治験ボランティアとは?安全に治験に参加するためには

治験とは

新しいくすりが国に認可されるには、有効性と安全性を確認する臨床試験を行わなければなりません。この臨床試験のことを治験といいます。
そして、被験者としてこの治験に参加して頂き、臨床検査値の測定など治験の進行に協力頂くことを治験ボランティアといい、新しいくすりの開発においては、この治験ボランティアの方々の協力は必要不可欠で、治験ボランティア無しでは新しいくすりは生まれないのです。

治験について、もっと知ってみようイメージ

治験について、
もっと知ってみよう

最近ではインターネットやSNSの普及により、「治験に参加するとお金がもらえる」「治験は高額バイト」などという内容を目にした方も多いかもしれません。
何が事実で何が間違っているのか、皆様にはきちんとご自身で確認した上で、安心して治験に参加頂きたく、この記事が少しでもそのお役に立てれば幸いです。

1.治験はバイトなの?

治験はバイトではありません。
アルバイトとは、非正規雇用の一種で、機関の定めのある契約に基づき雇用される従業員をさします。
一方、治験ボランティアは、治験の紹介会社や実施施設等との雇用関係はありません。

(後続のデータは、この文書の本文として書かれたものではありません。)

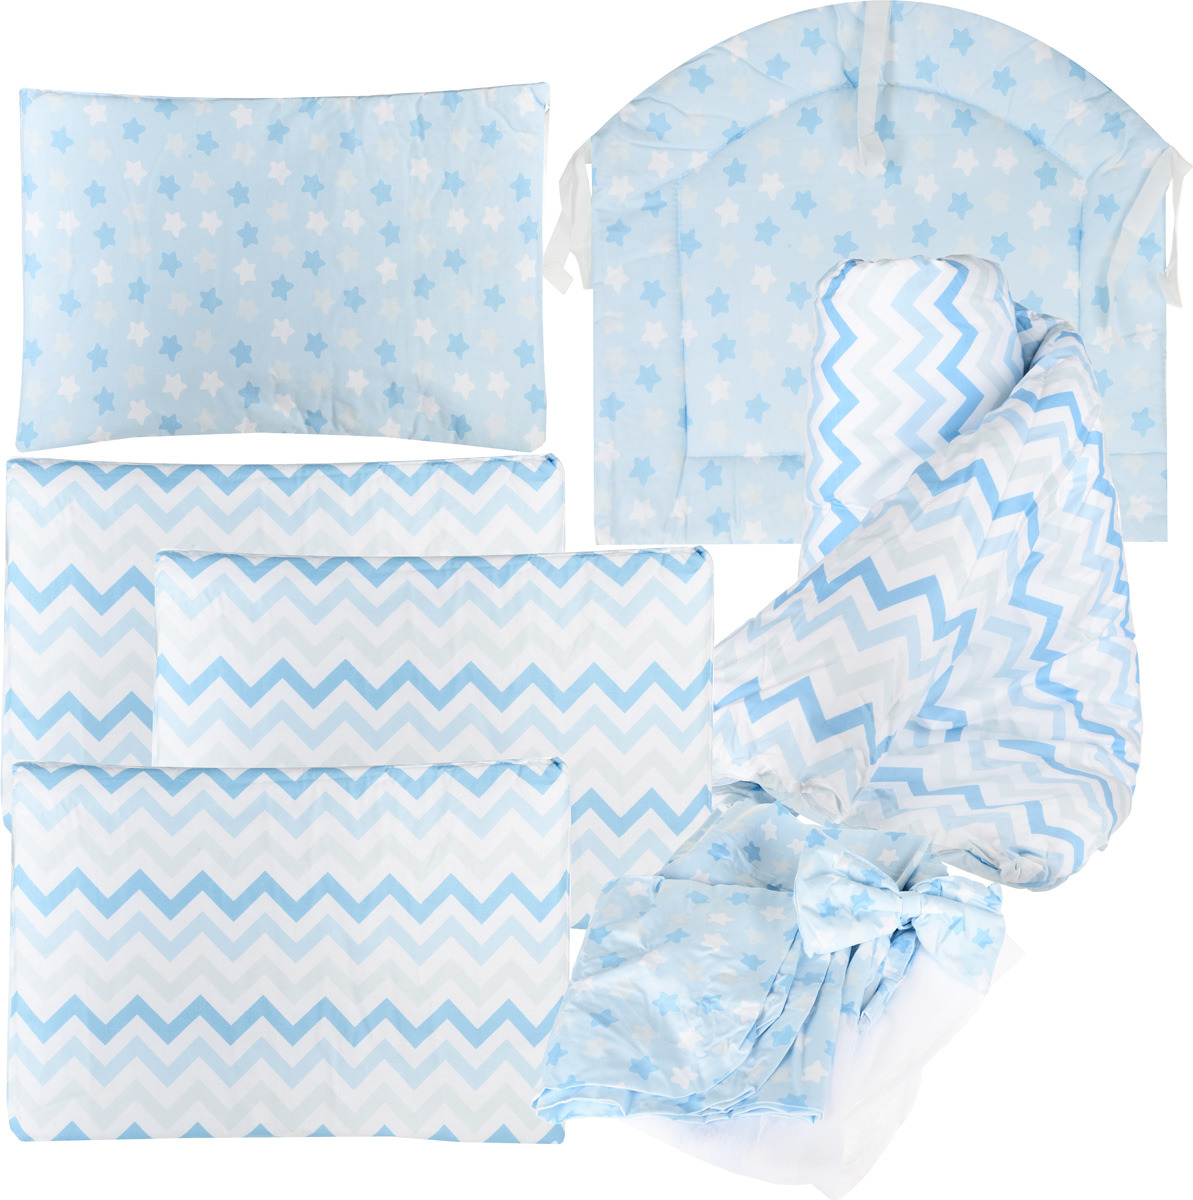 Комплект в кроватку Sweet Baby Stelle, 410682, голубой, 7 предметов цена

また、治験に参加した際には負担軽減費と呼ばれる協力費が治験実施施設から支払われ、受け取ることができます。しかしながら、治験に参加すると、実施施設までの交通費の自己負担や、治験によっては保険診療で行うために発生するご本人の窓口負担、施設内での治験に関わる時間的拘束、また治験内容によってはご自宅で毎日日誌を付けて頂く手間なども発生します。そういったボランティアの方の金銭的・時間的な負担を減らす目的で、負担軽減費のお支払いがあるのです。
上記の点から、治験ボランティアはアルバイトではなく、「有償のボランティア」という形になります。

2.治験のメリット

治験参加にはメリットがたくさんあります。ご自身の負担にならない範囲で、是非とも治験参加にご協力いただけますよう、何卒お願い申し上げます。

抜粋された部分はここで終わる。